The authors also explore the Clever Hans effect on anomaly detection, but the application above makes the point quite well. They argue convincingly that the CH effects detected by BiLRP analysis have concrete negative practical consequences in terms of the ability of unsupervised models and downstream classifiers to predict uniformly well across subgroups and to generalize. In comparison, the baseline supervised model generally shows more stable performance between the original data and the newly defined subsets. A detailed analysis of the structure of the prediction errors for each classification task, supported by confusion matrices, is given in the supplementary material.

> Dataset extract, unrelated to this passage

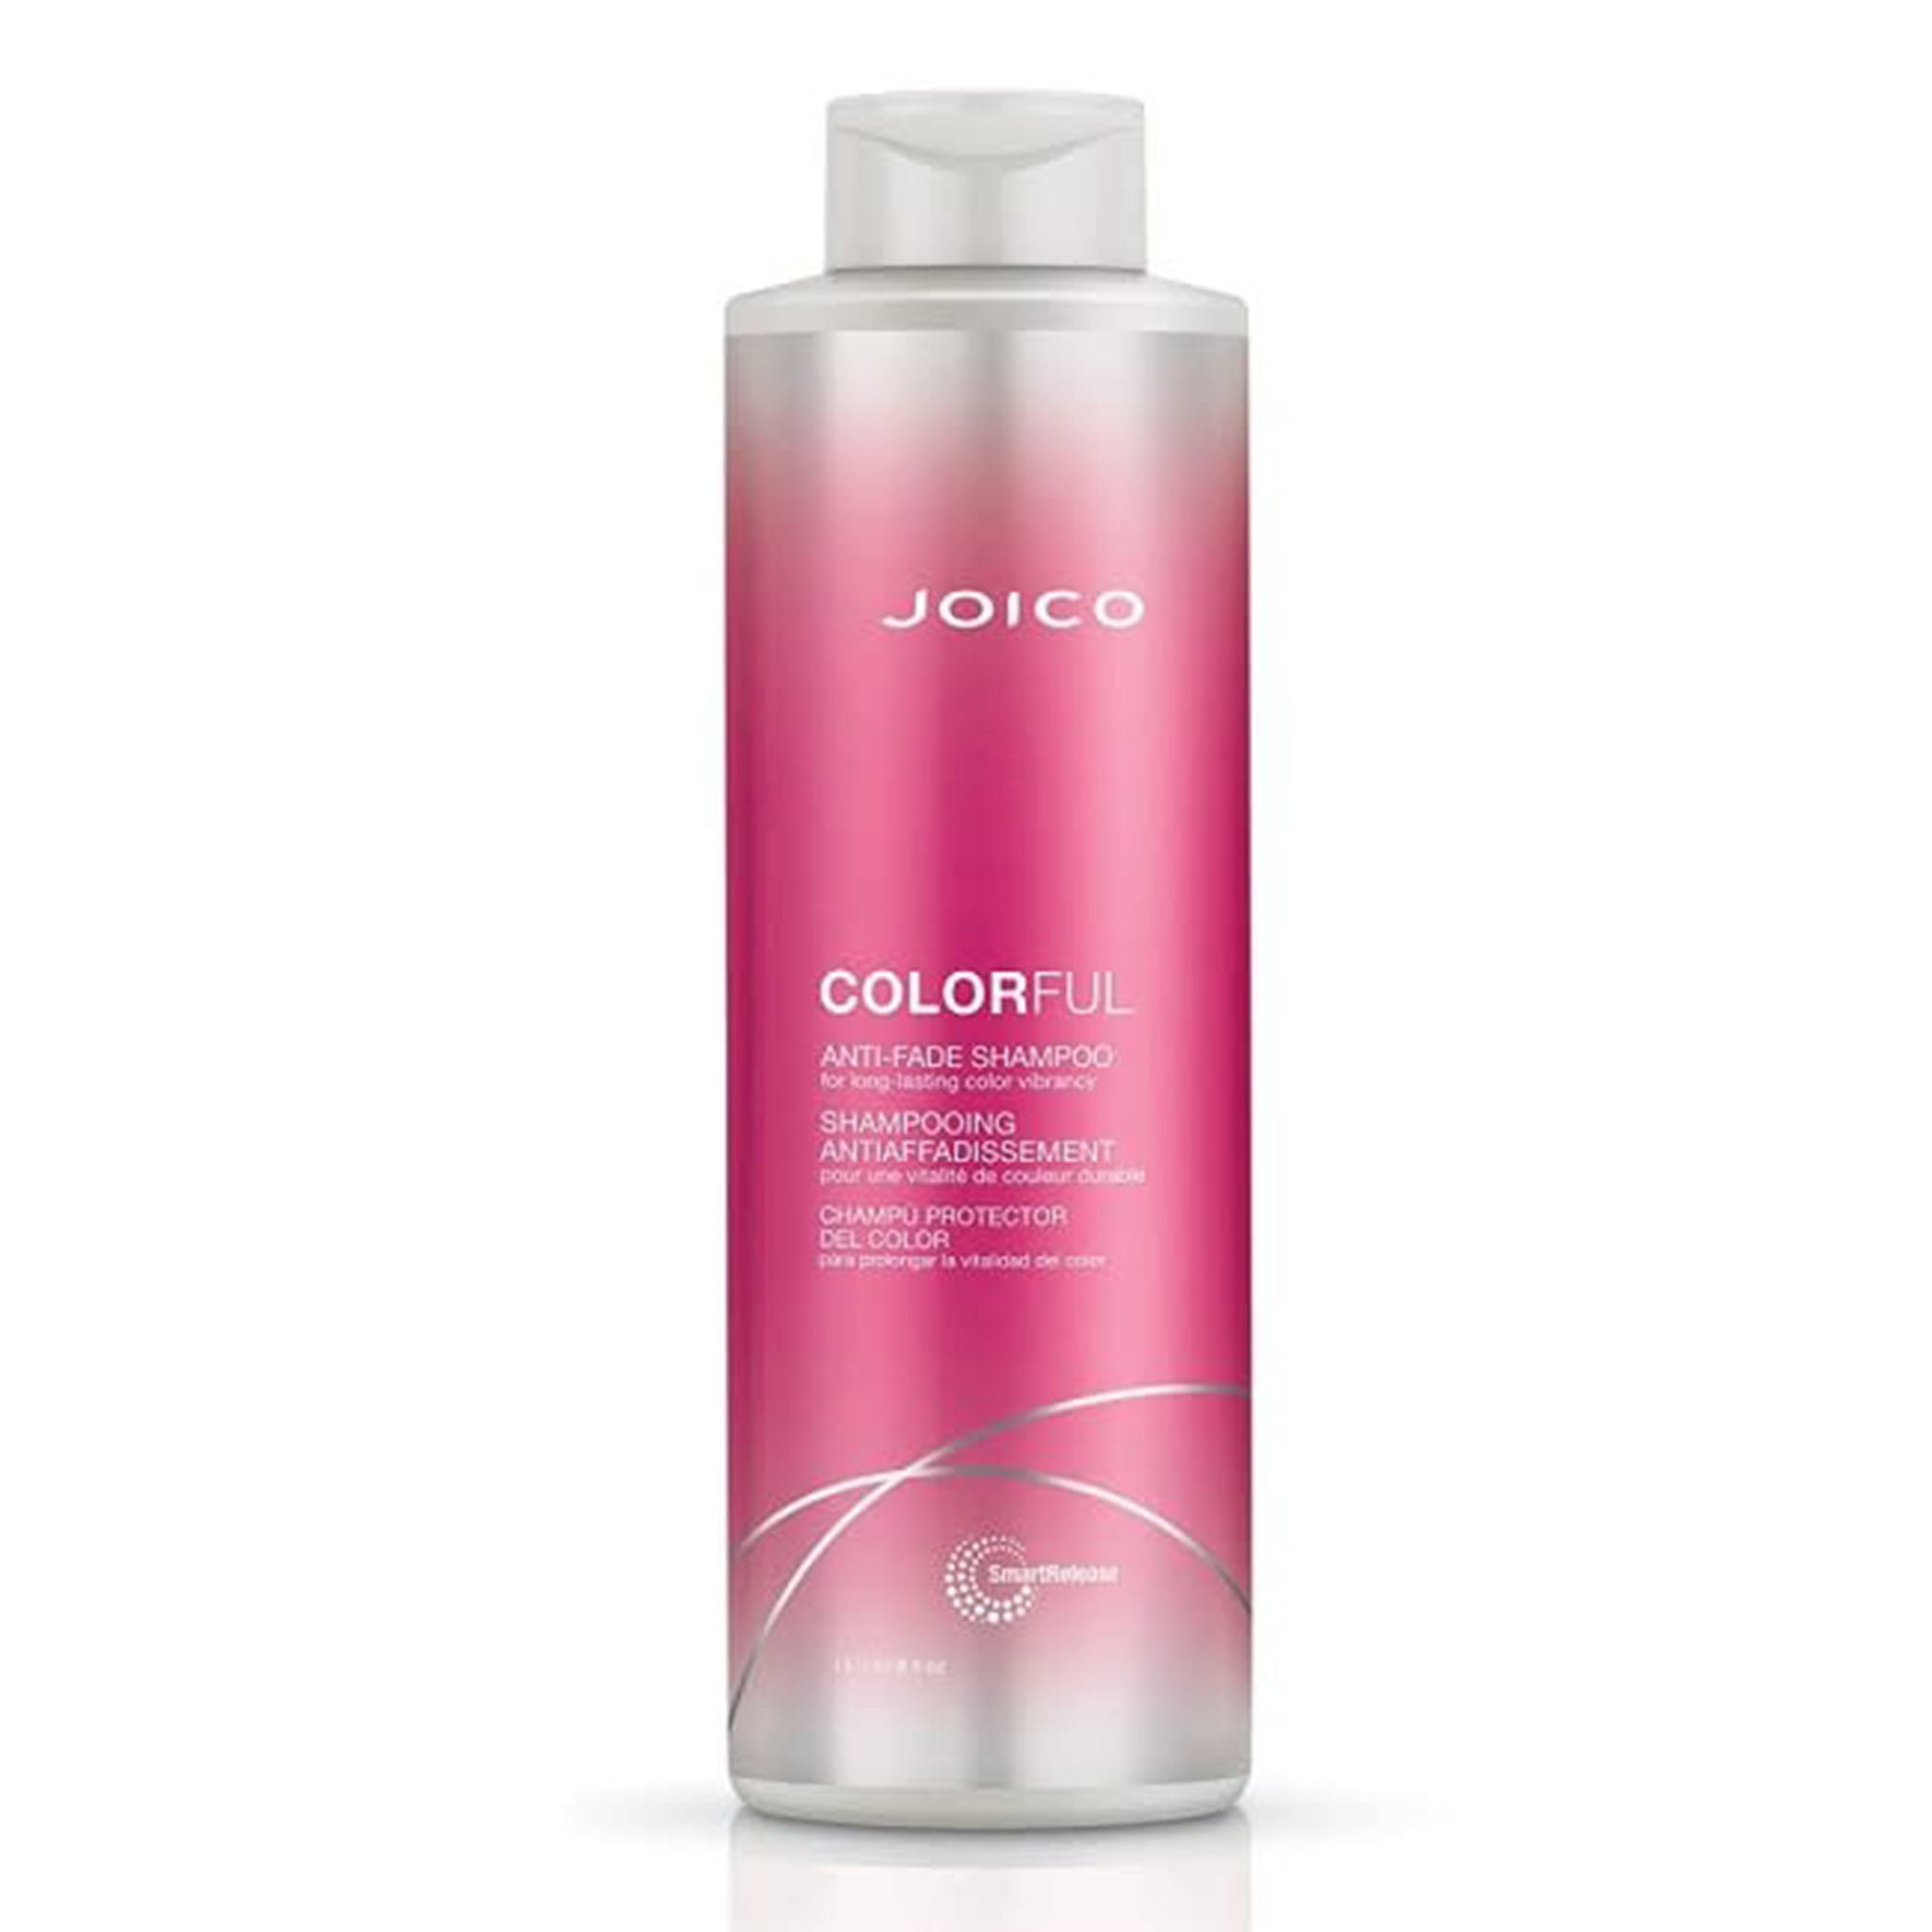 Joico. Shampoing AntiAffadissement Colorful - 1000 ml - Concept C. Shop

One limitation of the study might be said to be that it only focuses on image applications. However, as the authors point out, extension to other data modalities is actually straightforward. Explainable AI techniques such as LRP, which are capable of accurate dataset-wide explanations, operate independently of the type of input data. They have recently been extended to recurrent neural networks, graph neural networks, transformers, and state space models, which represent the state of the art for large language models and other models of structured data. Thus, the authors’ analysis could be extended to analyze other instances of unsupervised learning, such as anomaly detection in time series or the representations learned by large language models.
In closing, this paper is yet another reminder of why we need to be more careful, even skeptical, of claims along the lines of “my system has exceeded the state of the art” by x percent. For supervised learning, this phenomenon was already well known (although uncomfortable to acknowledge for many), but this paper has quite rigorously laid out the phenomenon for unsupervised learning. Its findings deserve to be widely disseminated and discussed.